先月号では、私の唱える「眞子内親王殿下御結婚賛成論」に対する怒りの反対論について感想を述べた。その直後4月8日に小室氏が28ページに及ぶ文章を発表した。「説明不足だ」と言う批判の嵐を受けて、詳細に説明したら今度は「長すぎる、悪文だ」として、またまた尊皇家やネトウヨの攻撃の嵐である。著名皇室評論家であり小室攻撃の急先鋒であるA氏は「天皇陛下に謝罪の文言がない。」と批判している。しかしこの文章はいわゆる400万円の借金?についての説明であって、そこに天皇陛下を入れるのは不適当ではないか。もし入れて書いたら、今度は「借金問題と天皇陛下を同一に論ずるのか、無礼千万だ。」と攻撃されるだろう。要は気に食わないのだから何をやっても攻撃をやめないだろう。どうしてそんなに憎いのか私には理解できない。ネットでは、小室氏が学生時代に女子大生と肩を組んでいる写真が出回り、「品がない、けしからん」の嵐である。なるほど批判する人たちの青春時代はさぞかし清廉だったのだろう。私の青春時代と比べたら小室氏は遙かにまともな方である。私に言わせれば普通の学生ではないか、そんな写真の一つも無く、暗い学生時代を過ごしたオタク男なんぞよりよっぽど良い。眞子内親王殿下もそういう明るさに惚れたのではないか。いずれにせよお二人は四面楚歌のように見える。眞子内親王殿下は「理解していただきたい」との声明を出されている。どうして理解してあげられないのだろうか。だめだめの一点張りである。
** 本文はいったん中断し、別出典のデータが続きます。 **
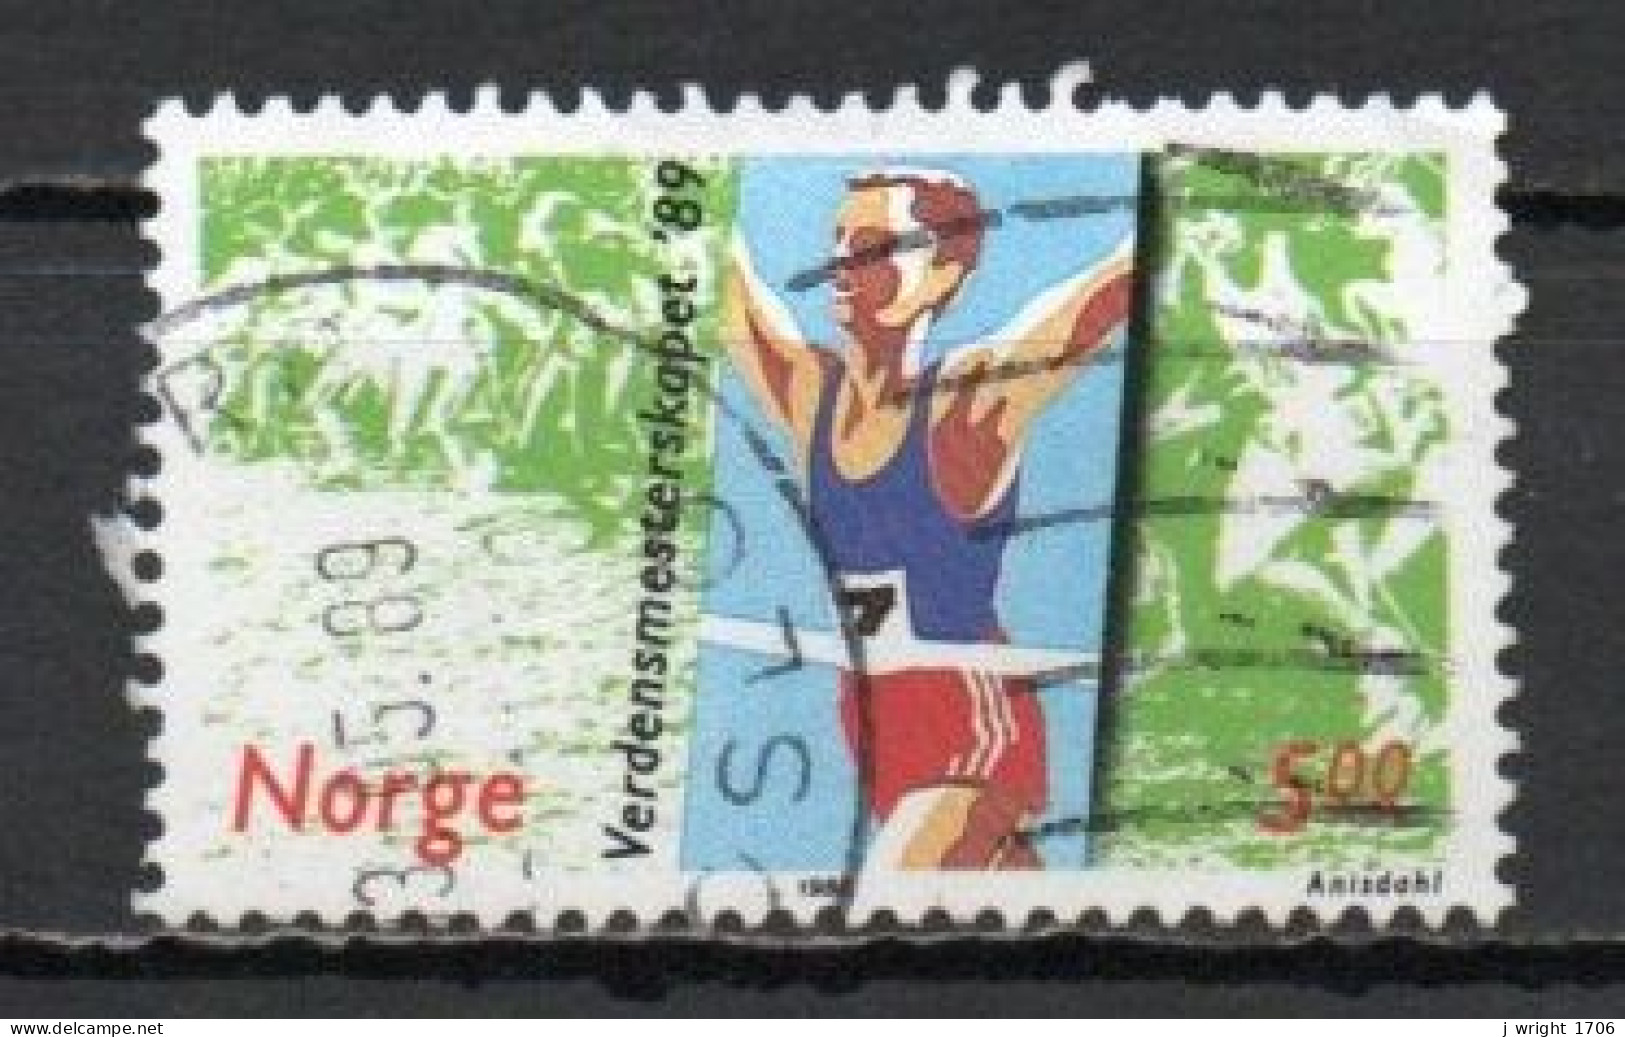 Norway, 1989, World Cross Country Championships, 5kr, USED - Used Stamps

そこで三つのケースに分けて考えて見よう。まず第一は自分の娘だったらというケース。前号に登場していただいた私の賛成論に激怒して筆を起こしたB氏は「自分の娘に小室が嫁に欲しいと、と言ってきたら追い返す」と書いている。なるほど、私もそうする。しかし、現実問題追い返したら、娘から「お父さん何言ってんのよ!親子の縁を切るからね。結婚式に呼んでやらない!」と叱りつけられ、家に居場所が無くなるのがせきの山であろう。まして今回は「お父さまだってお母さまだって、学習院大学で見初めた人と結婚したのでしょう。私は同じ事をしているだけでしょ。」と反駁されるに違いない。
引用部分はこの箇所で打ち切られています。